Si è conclusa la seconda edizione della gara a tappe di sci alpinismo che unisce le valli di Fiemme e Fassa

Il concetto figurato di “epico” si riferisce a “qualcosa di leggendario rispetto alle ordinarie capacità umane”, e domenica, a Passo Pordoi in Val di Fassa (TN), i concorrenti provenienti da dieci nazioni della seconda edizione de “La Sportiva Epic Ski Tour” hanno messo in scena una prova scialpinistica ardita tra vento, neve, nebbia e condizioni che non hanno avuto davvero nulla da invidiare alle narrazioni sportive più grandiose.

Michele Boscacci è stato il vero protagonista, vincendo tre tappe su tre (quest’ultima con il brivido…) e portandosi a casa una buona fetta (7.000 euro) del montepremi totale di 46.000 euro, più del triplo di quanto incassato quando vinse la Coppa del Mondo overall. Spettacolare tris anche per la campionessa al femminile Victoria Kreuzer (7.000 euro anche per lei…), la quale per un soffio non ha potuto festeggiare sul gradino più alto del podio assieme al compagno Martin Anthamatten, autore di una incredibile rimonta ma non abbastanza da superare il rivale Boscacci, partito con un buon margine.

Le modifiche al percorso a causa delle incerte condizioni meteo non hanno impedito ai concorrenti di cimentarsi sull’ottimo tracciato allestito da Oswald Santin, con partenza ed arrivo ai 2240 metri di Passo Pordoi dopo aver affrontato 9.5 km e 830 metri di dislivello, fra vie forestali e il Pian Schiavaneis, ai piedi dei due spettacolari passi dolomitici Sella e Pordoi. Diciannove secondi separavano Boscacci da Werner Marti alla partenza, determinanti ai fini del risultato finale, ma non su quest’ultimo bensì su una delle leggende della montagna Martin Anthamatten, bravo a presentarsi davanti a Marti al cambio pelli del primo dei due giri previsti. I rilievi cronometrici lo davano in netto recupero, ma Boscacci si stava preservando per la seconda tornata, gestendo alla perfezione il vantaggio ed andando a trionfare, seppur di poco, su Anthamatten: “Sono partito subito all’attacco, Marti mi ha preso in cima alla prima salita e in discesa siamo rimasti lì anche perché ho sbagliato qualche traiettoria, giocandomi tutto sulla seconda salita, stringendo i denti e guadagnando terreno evitando di commettere errori. Sono soddisfatto di queste mie prove, e stupito dalla macchina organizzativa di una gara impeccabile, nulla viene lasciato al caso. È ancora una gara giovane, ma se si continua di questo passo e ci si crede sarà una gara che farà numeri da capogiro in futuro, l’Epic Ski Tour deve solo farsi conoscere”.

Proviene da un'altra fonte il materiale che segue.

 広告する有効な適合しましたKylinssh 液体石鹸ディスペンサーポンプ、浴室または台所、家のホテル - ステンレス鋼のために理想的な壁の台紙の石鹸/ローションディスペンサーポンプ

Lo svizzero ci ha provato, ma non è bastato: “Gara bellissima nonostante il cambiamento del percorso, qui ai piedi delle Dolomiti. Ho dato tutto al primo giro, superando Werner e dando tutto fino alla fine. Ora aspetto Victoria, che probabilmente vincerà”.

E così è stato, la dolce metà ha trionfato dando altri due minuti alla seconda classificata Jennifer Fiechter: “Meglio di una Coppa del Mondo”. Al settimo cielo la vincitrice: “Gara fantastica, sono felicissima di aver fatto parte di questo magnifico evento che ha presentato tre tappe in tre location diverse. Oggi mi sono controllata perché avevo un buon vantaggio”. Terza classificata odierna Severine Pont Combe, mentre in terza posizione assoluta de “La Sportiva Epic Ski Tour” 2018 si è piazzata Corinna Ghirardi.

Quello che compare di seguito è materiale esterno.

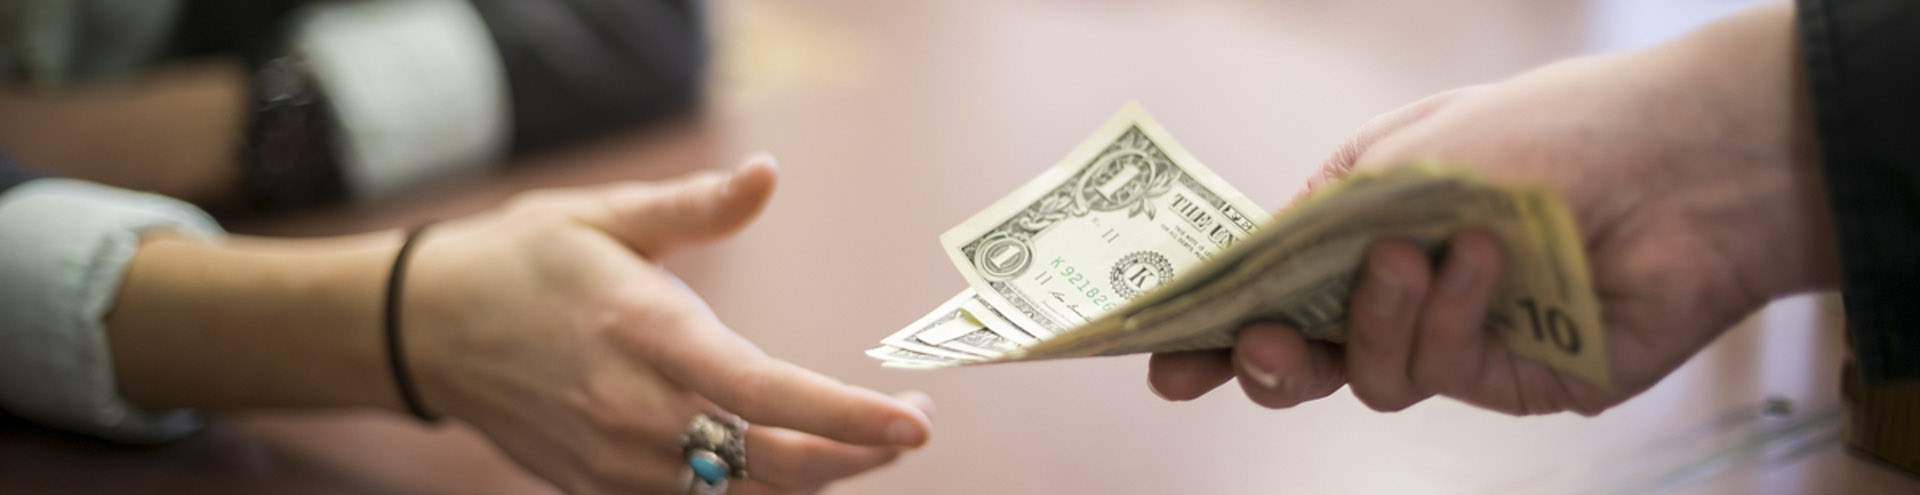 как на лайф брать деньги в долг

Al traguardo anche personaggi di spicco, Christian Zorzi (ma è un omonimo…), Peter Schlickenrieder, il quale si farà paladino dell’evento nella nativa Germania: “Bellissima atmosfera, tre giorni fantastici e diversi tra loro. Parlerò dell’evento in Germania e con il tempo conquisterà partecipanti perché merita, è organizzato da professionisti ed ha un potenziale immenso”. Jurg Capol: “Ho il fiatone ma riesco ancora ad arrivare. L’organizzazione funziona veramente bene, ma l’evento ha bisogno di qualche anno per progredire. Il potenziale c’è”, ideatore dell’Epic Ski Tour insieme al deus ex machina Kurt Anrather: “Bilancio tutto positivo, oggi il tempo non è stato il massimo, ma siamo in montagna ed è bello gareggiare con la neve e queste condizioni. Abbiamo parlato con diversi concorrenti e tutti sono rimasti soddisfatti dell’accoglienza e del format. Grazie a tutti i volontari, ai realizzatori dei percorsi Zanoner, “Macha” (Massimo Dondio) tuttofare, “Pepi” Ploner fenomeno e Oswald (Santin – ndr) bravo a cambiare il percorso per il meglio. Squadra grandiosa, arrivederci all’anno prossimo”.

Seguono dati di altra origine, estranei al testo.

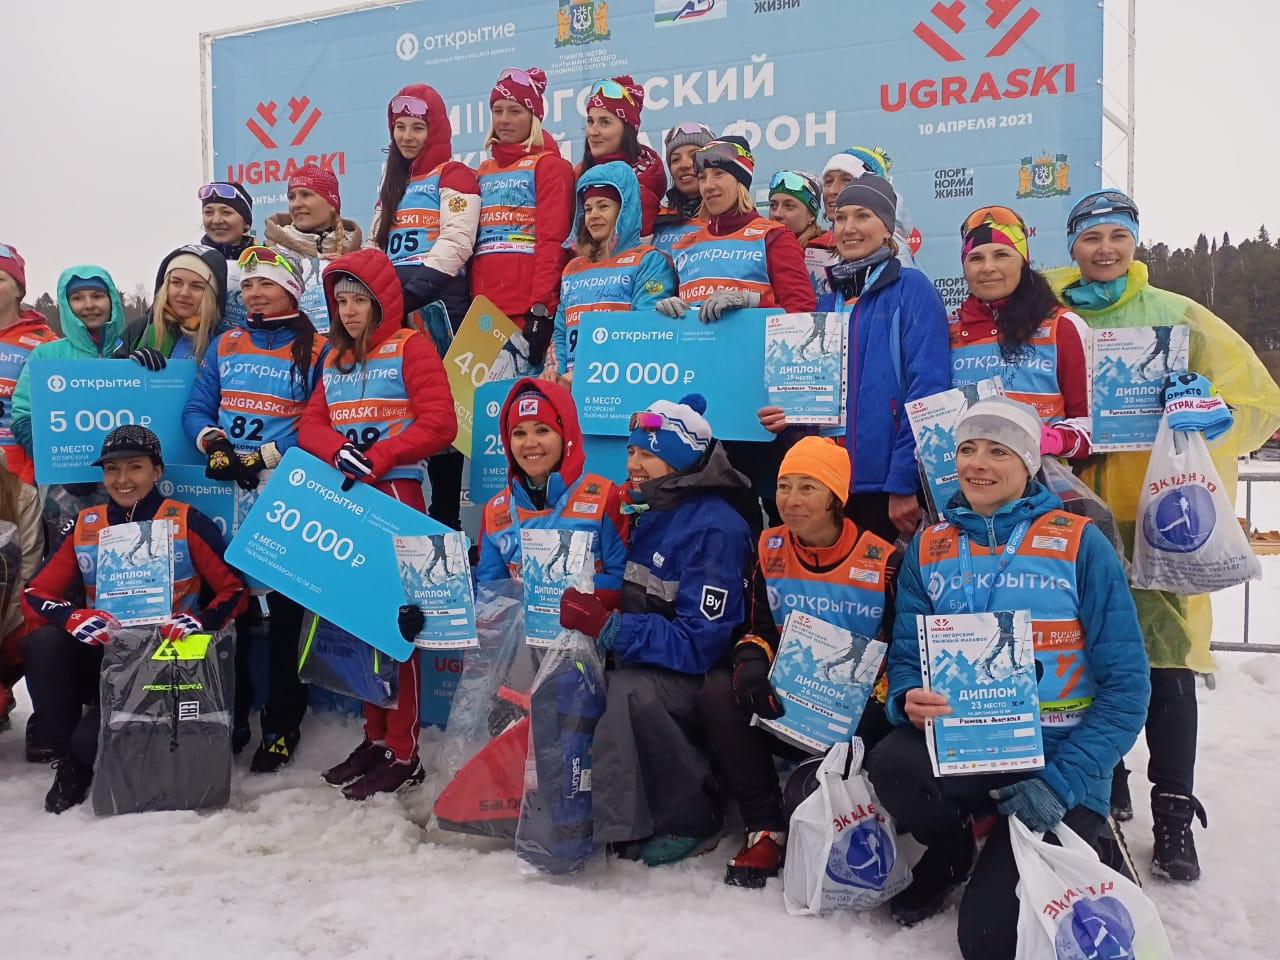 Югорском лыжном марафоне

Tra inversioni, discese a perdifiato e panorami unici al mondo lo scialpinismo è un autentico spettacolo e tutti i partecipanti sono stati concordi nel valutare positivamente l’organizzazione della manifestazione, arricchita nelle tre giornate anche da numerosi eventi di contorno e da menù prelibati al Teatro Navalge di Moena, tra pasta, canederli, polenta e spezzatino, speck, tutti prodotti trentini per un “La Sportiva Epic Ski Tour” che profuma di tradizione tra le cime innevate.

c.s.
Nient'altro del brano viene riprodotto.